Non si metteva in discussione la legittimità della scelta politica e dell'obiettivo: fin dalla campagna elettorale, noi del M5S dichiarammo che la scelta delle figure chiave da noi richieste per simili incarichi sarebbe avvenuta in base ai curricula pervenuti; inoltre uno degli obiettivi della struttura (i bandi europei) è un punto cardine del nostro programma.

3 - I tempi del bando erano strettissimi, pubblicato il 31 luglio con scadenza il 14 agosto. L’interpellanza non avrebbe mai portato ad una risposta scritta prima della scadenza cosi i consiglieri del movimento hanno chiesto ed ottenuto un appuntamento con il sindaco che ha chiarito che la selezione sarebbe avvenuta esclusivamente per merito e sarebbe stata motivata ampliamente, sia dalla pubblicazione del  curriculum vitae del candidato scelto che dalla motivazione della scelta da parte dello stesso sindaco Stirati.

4 - A questo punto ritenendo chiariti i nostri dubbi abbiamo ritirato l'interpellanza a quel punto resasi inutile, informando tutti gli attivisti anche delle questioni che ritenevamo irrisolte.

5 - Dato che la scelta era imminente, abbiamo rimandato ulteriori azioni politiche una volta conosciute le motivazioni della scelta medesima. NON il nome del/la prescelto/a (ininfluente) ma le motivazioni a valle e che abbiamo sollecitato con recenti ed ulteriori atti formali ed articoli.

6 - Ulteriori e definitive valutazioni saranno poi tratte valutando l'operato della struttura in termini di spese sostenute a fronte di benefici ottenuti.

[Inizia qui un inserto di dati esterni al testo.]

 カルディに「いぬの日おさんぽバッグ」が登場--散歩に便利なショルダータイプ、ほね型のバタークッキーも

La scelta del Sindaco è alla fine ricaduta sull'Ing.Francesco Tosti, candidato per il M5S alle scorse elezioni 2014, persona competente e con un curriculum di indubbio peso, la cui autonoma vita professionale nulla ha a che fare con il Movimento.

Fin qui i fatti. L’iter seguito da parte nostra è la normale procedura di controllo che applichiamo a tutti gli atti prodotti dal comune (decine al mese); su questo in particolare abbiamo lavorato in maniera ancora più approfondita proprio per evitare qualsiasi ombra di conflitto di interessi.
Nel momento in cui riscontreremo anche la più piccola irregolarità o peggio un malaffare o dolo verso i cittadini tutti, allora si che ci faremo sentire forte nei media ed in ogni mezzo a nostra disposizione.

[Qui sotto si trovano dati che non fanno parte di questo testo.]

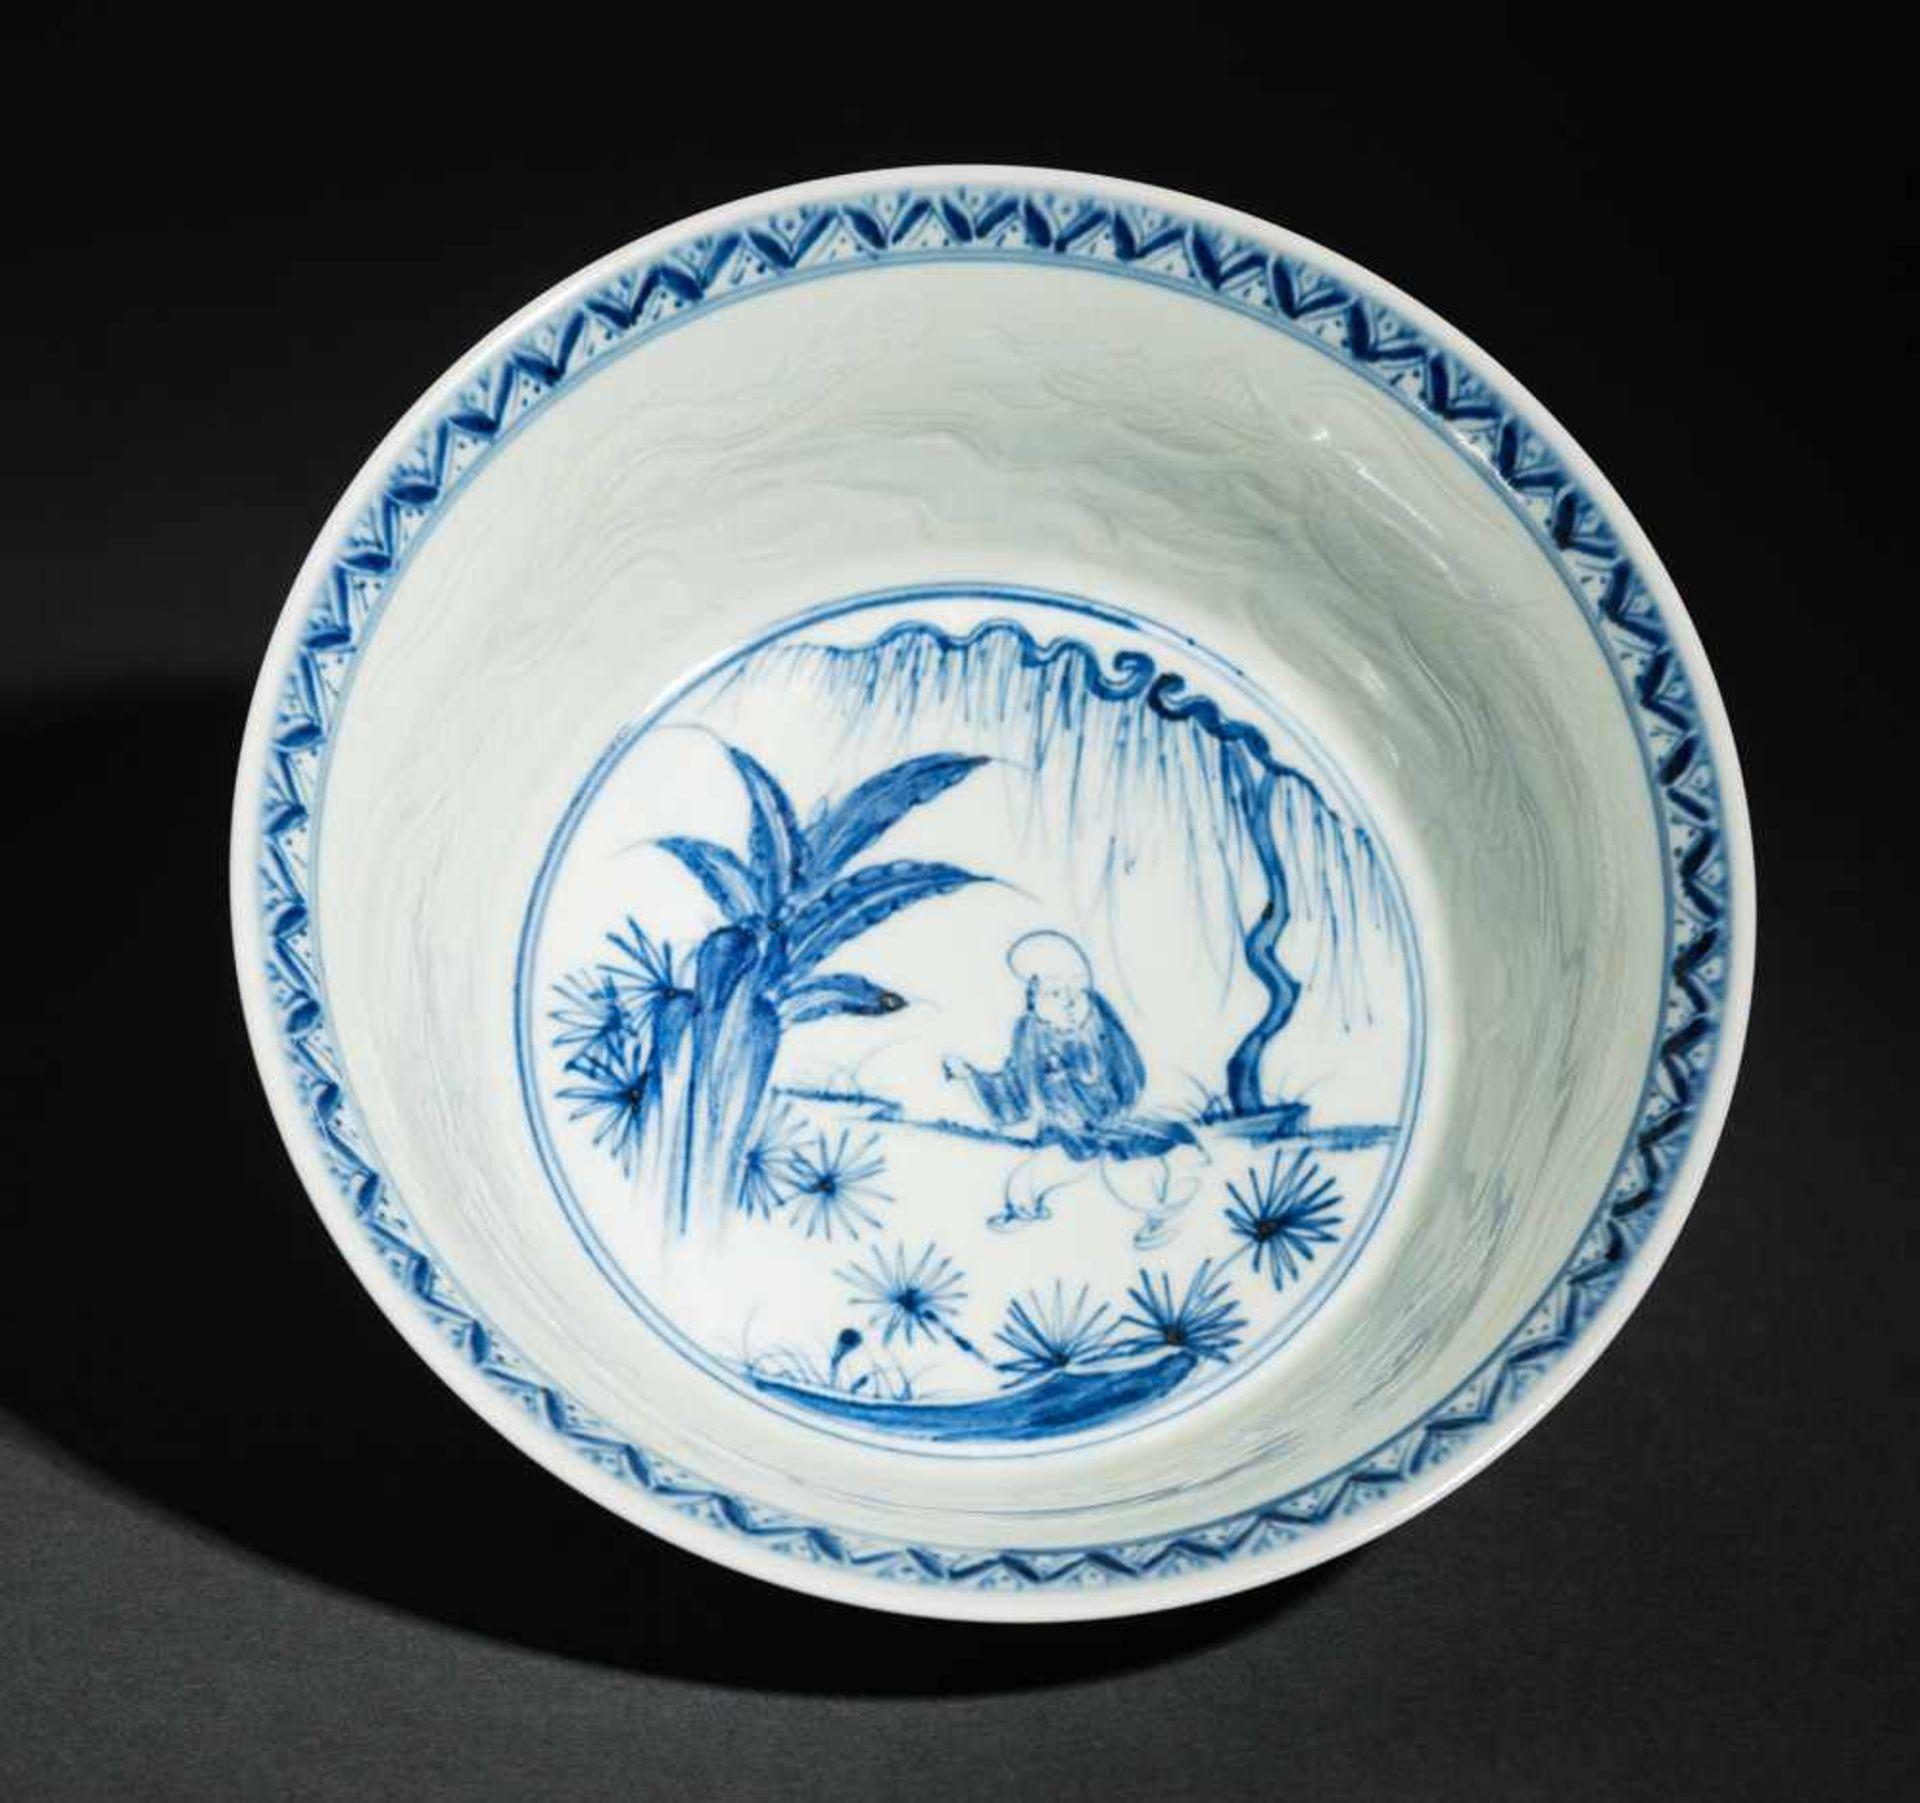 TIEFE SCHALE MIT SPIELENDEN KNABEN Blauweißes Porzellan. China, Auf der nach außen geschwungenen

Tra l’altro invitiamo i lettori a riflettere che se dovesse passare la tesi che nessuno degli oltre trecento candidati debba avere mai a che fare con pubbliche selezioni, sarà difficile in eterno assumere anche un solo usciere a Gubbio.

Questa vicenda ci è altresì servita per valutare l’operato in Consiglio delle persone che ci stanno vicino e ci ha permesso di intuire chi si comporta seriamente per sostenere un cambiamento vero di rotta per questa città, persone con le quali è possibile interloquire e costruire, rispetto a chi, invece, trova la propria ragione d’essere nel sostenere un ruolo volutamente fuorviante dei fatti, sterile se non inutile e dannoso, come usare una forchetta per mangiare il brodo, brodo ormai allungato da tanto tempo e quindi insipido e stantio come certe illazioni.